━━━ Data excerpt

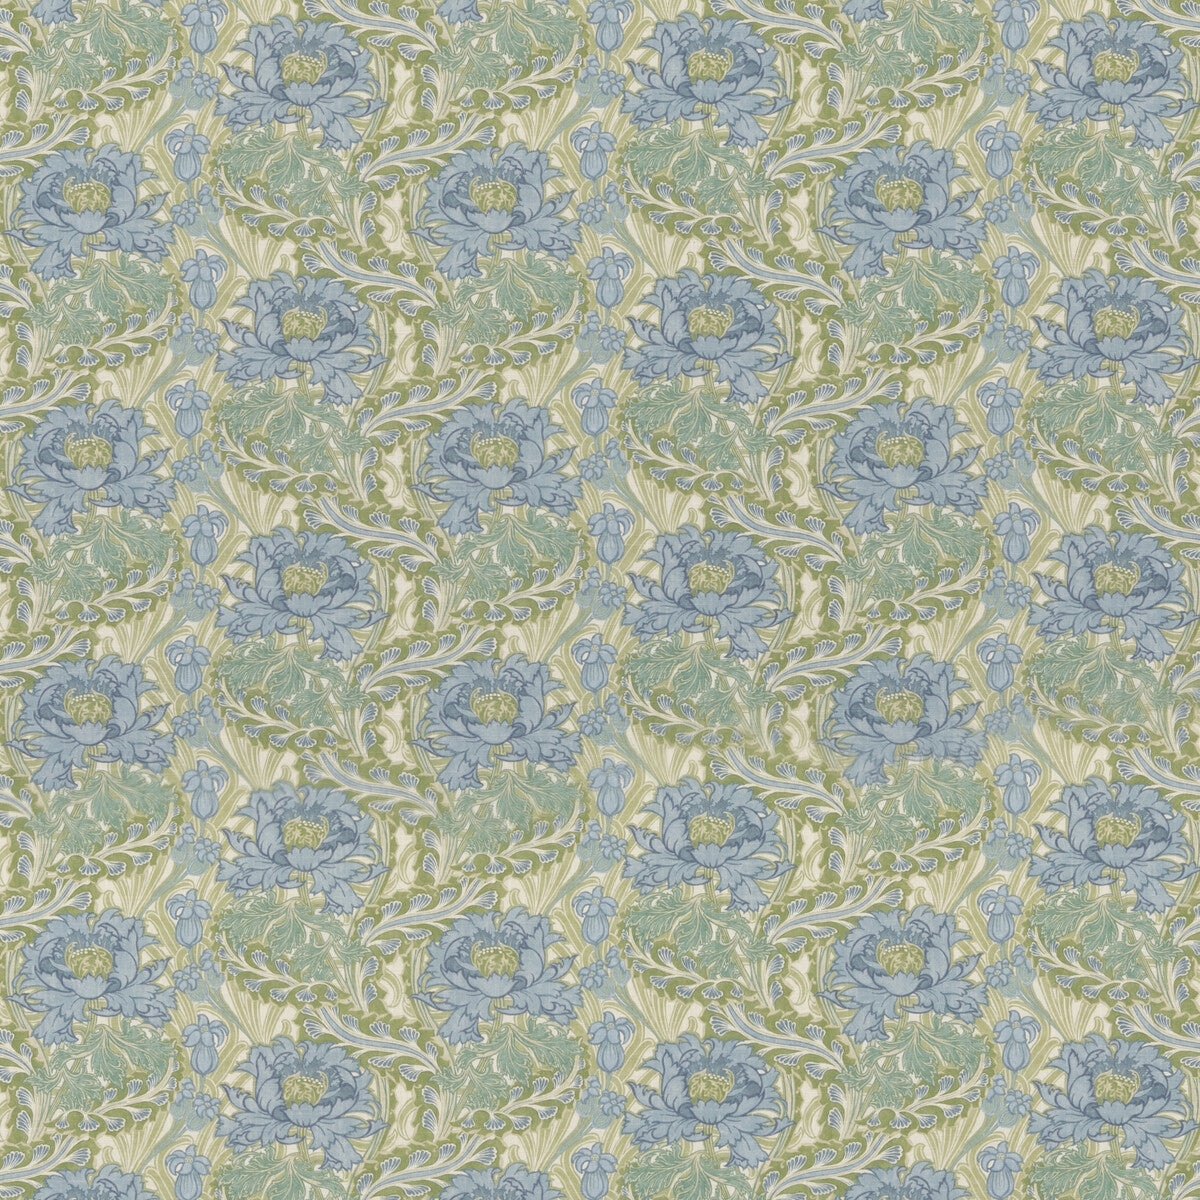 Little Brantwood fabric in blue/green color - pattern BP10983.1.0 - by G P &amp; J Baker in the Original Brantwood Fabric collection
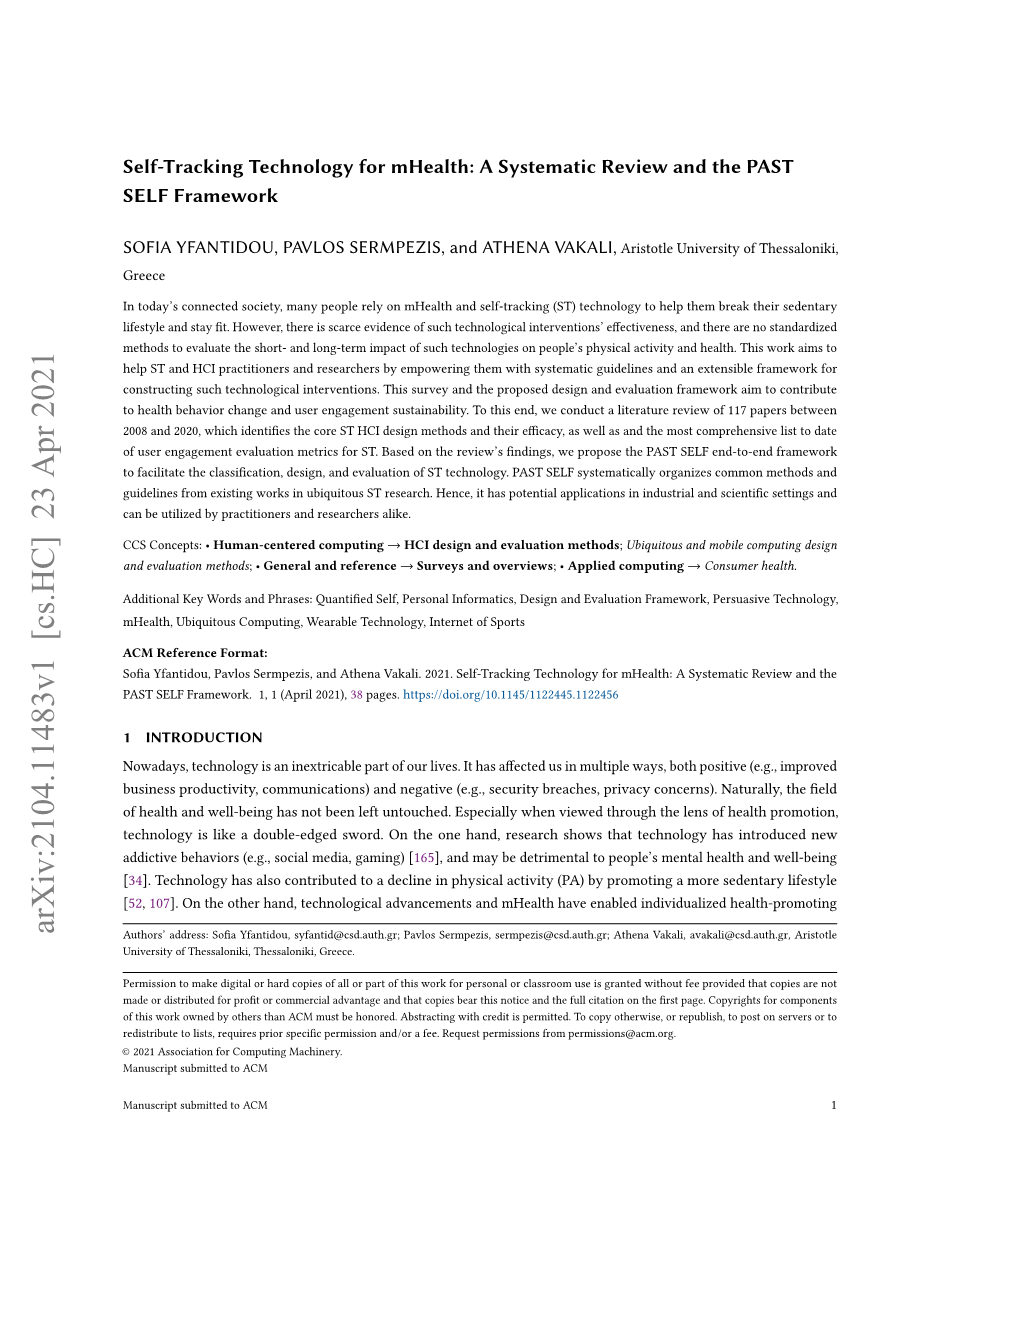 Self-Tracking Technology for Mhealth: a Systematic Review and the PAST SELF Framework
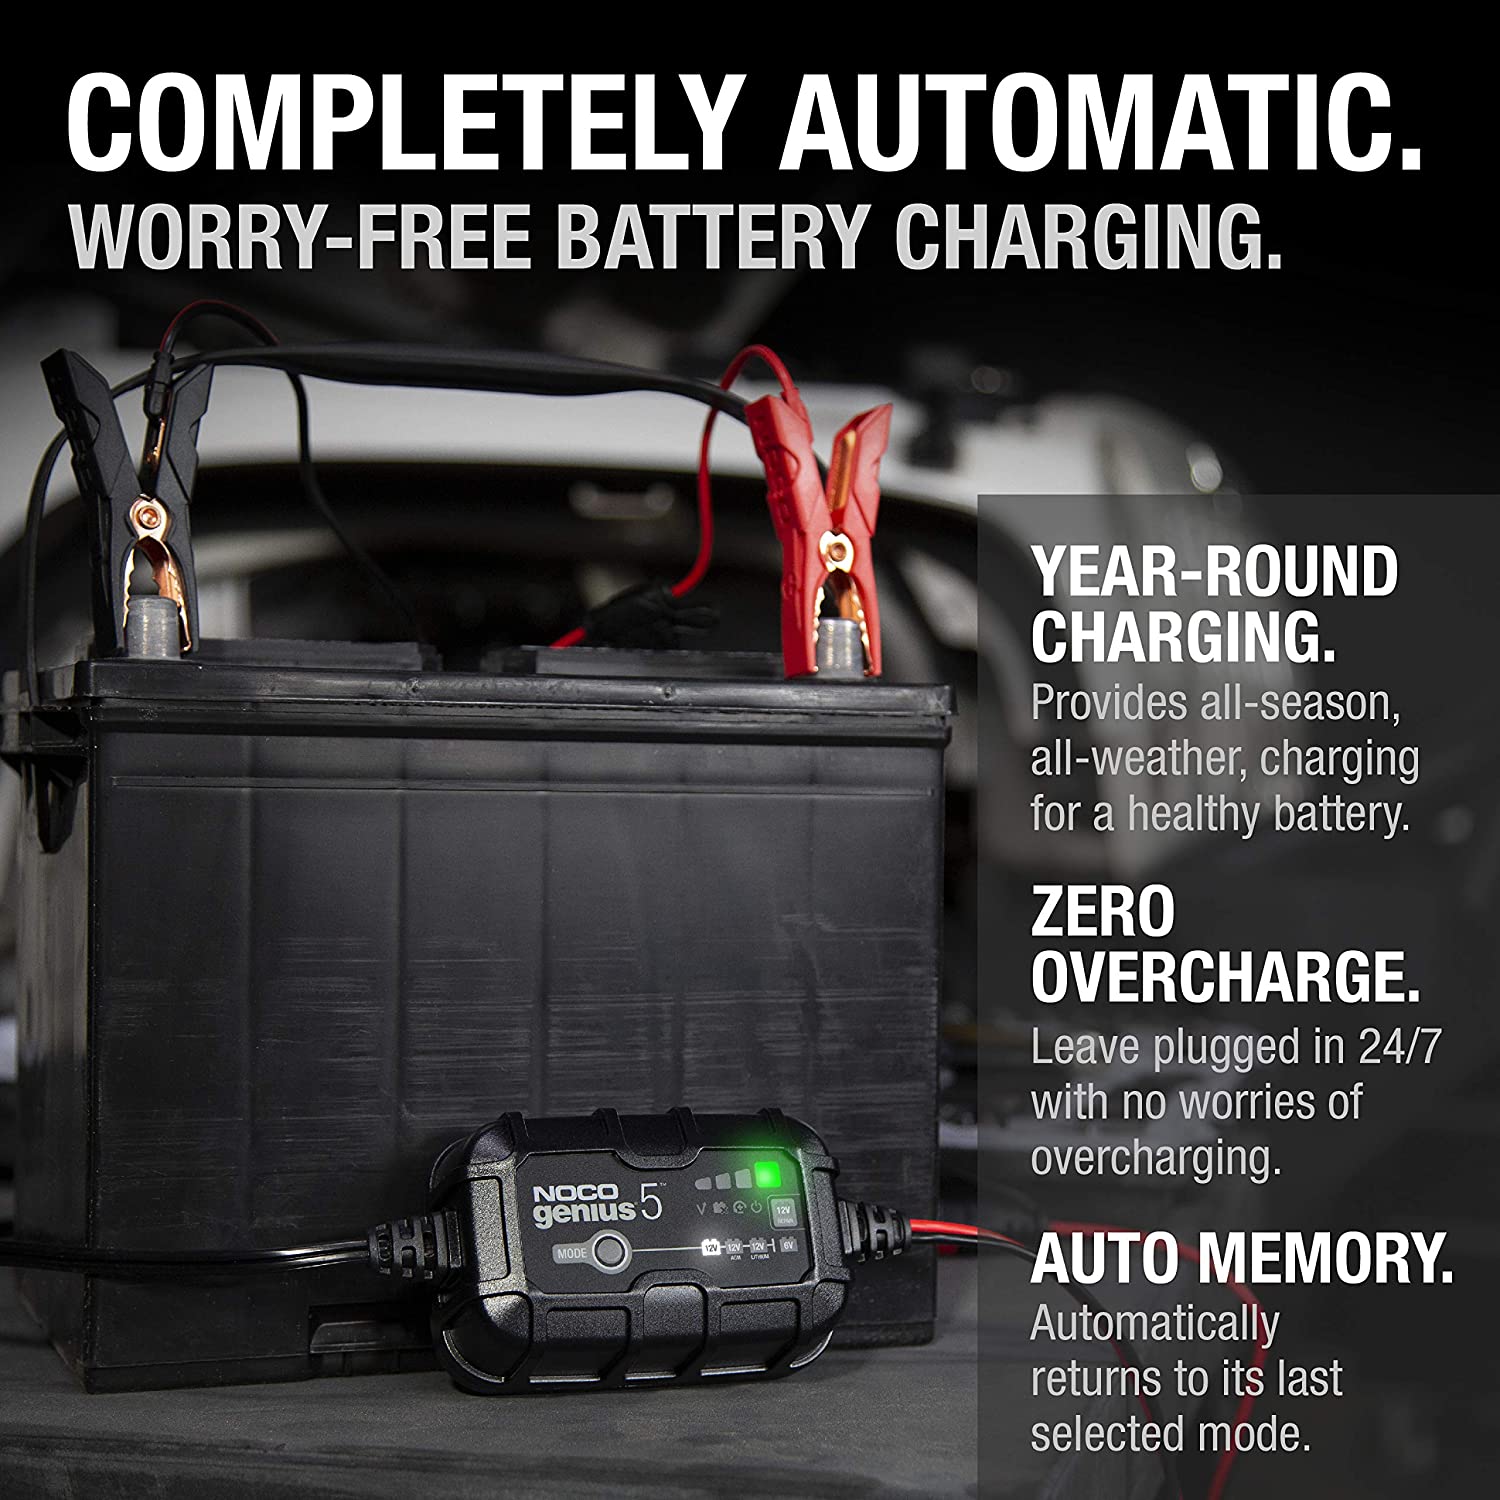 CHARGE BOTH 6V AND 12V BATTERIES WITHOUT HAVING TO MAKE A SELECTION!   OptiMate's industry leading Voltmatic technology makes it easy for you to  charge both 6V and 12V batteries without having

━━━━━━

> What this task involves:
This exercise asks for an exact copy of the lines from the first one in the data through the line that contains "Self-Tracking Technology for", pictures excluded.

> Solution to this task:
 Little Brantwood fabric in blue/green color - pattern BP10983.1.0 - by G P &amp; J Baker in the Original Brantwood Fabric collection
 Self-Tracking Technology for Mhealth: a Systematic Review and the PAST SELF Framework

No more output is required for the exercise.